Dork, dweeb, poindexter, nimrod, geek, techie, nerd. We’ve all probably been called one of those names at some point in our lives. I know I have. I illustrated these geeky nerds for an ad a while ago–before the smart phone by the looks of it. But it still shows quintessential nerdiness. The promotion was for Mentor Graphics and their physical verification system. (only a computer nerd would know what that is.) Some of the text inside read: “It’s an industry filled with technology hellcats, software stunt pilots, silicon soldiers of fortune. The real superheros need to work faster and smarter.” That’s some nerdy nerd stuff alright.

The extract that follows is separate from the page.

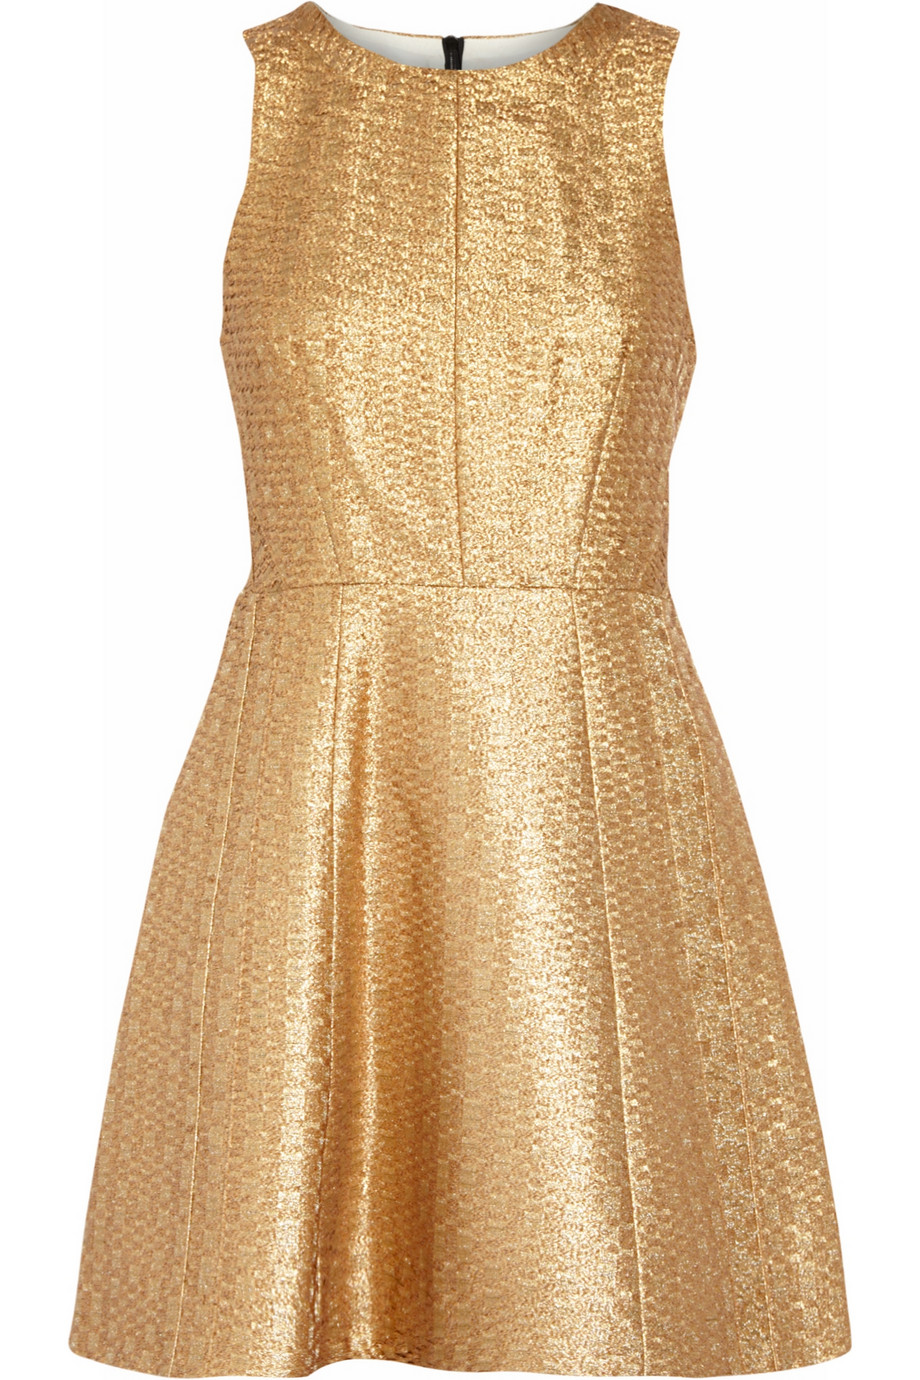 RAG&BONE Renard metallic jacquard dress

But nerds and geeks run the world. Here is an excerpt from a great article in the Pittsburgh Post-Gazette entitled Geeks and nerds have taken over the world:
“Bwaahahahaha! That is my sinister world domination laugh. I have been practicing it for over 40 years just waiting for this moment.

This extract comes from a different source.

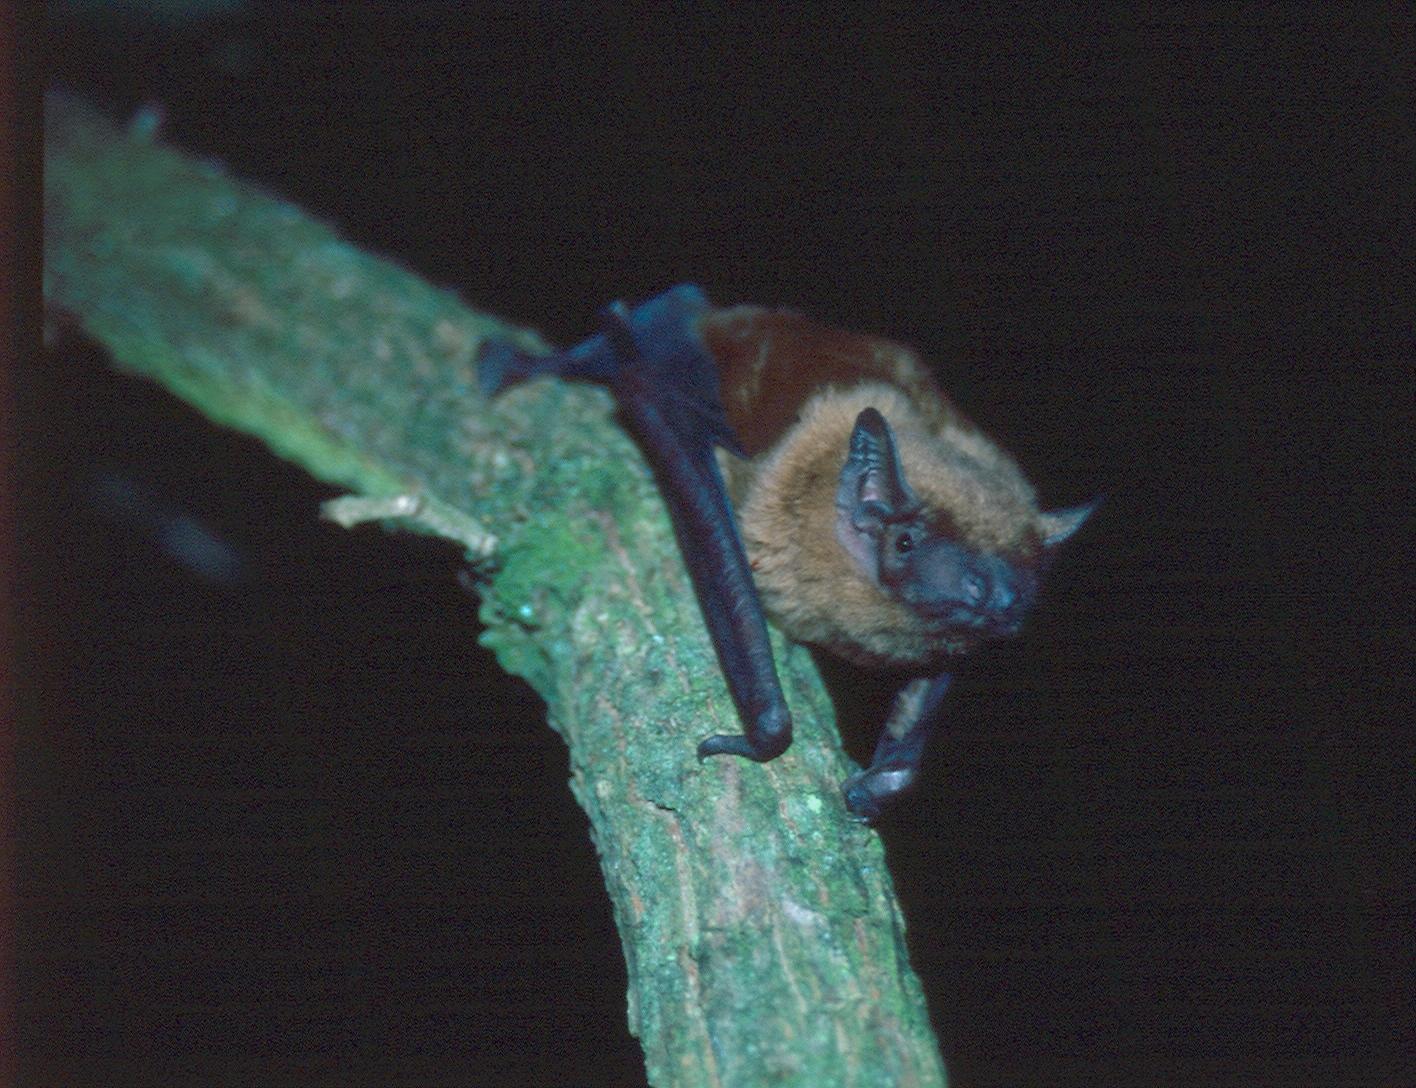 Großer Abendsegler Nacht.Geflüster: Fledermäuse – Jäger der Nacht

The moment when we, the geeks and nerds, would take over the world!
The moment is nigh, as in Bill Nye. At last, it’s the revenge of the … oh, you get the point.
I should point out there are differences between geeks and nerds. Geeks are fanboys and girls; they have a vast knowledge of pop culture and obscure facts related to their particular genres or areas of expertise. There are all kinds of geeks: movie geeks, technology geeks, even food and wine geeks.
Nerds are, well, nerds. The word “nerd” was first used in 1954 and was created by a geek doctor with the name of Seuss. They tend to be brilliant and focused on more academic pursuits, such as math and science, and less focused on social interactions. The word nerd often is described as a four-letter word with a six-figure income.
While geeks and nerds have many differences, they also share many traits and are of the same genus, if not species.
Geeks and nerds have long dominated technology. Nerds build it, and geeks use it. We all use it.
That cellphone you use every minute of every day, your TV, DVD player, computer, Facebook and Twitter, all were nerd-designed. These inventions have created nerd kings living in tech-filled houses built on top of mountains of cash. In each of these houses, a replica of Captain Kirk’s chair sits in the entertainment room, because that is the very first thing rich and powerful nerds do.
Bill Gates, Steve Jobs and Mark Zuckerberg all likely survived the slings and arrows of outrageous wedgies only to rise up and crush the jocks who mocked and ridiculed them in high school! Because that is the second thing nerds do when they become rich and powerful.“
You can read the rest HERE.
And now to all you nerds out there:
“So you’re a little weird? Work it!
A little different? Own it!
Better to be a nerd than one of the herd!”
“If you like nerds, raise your hand. If you don’t, raise your standards.”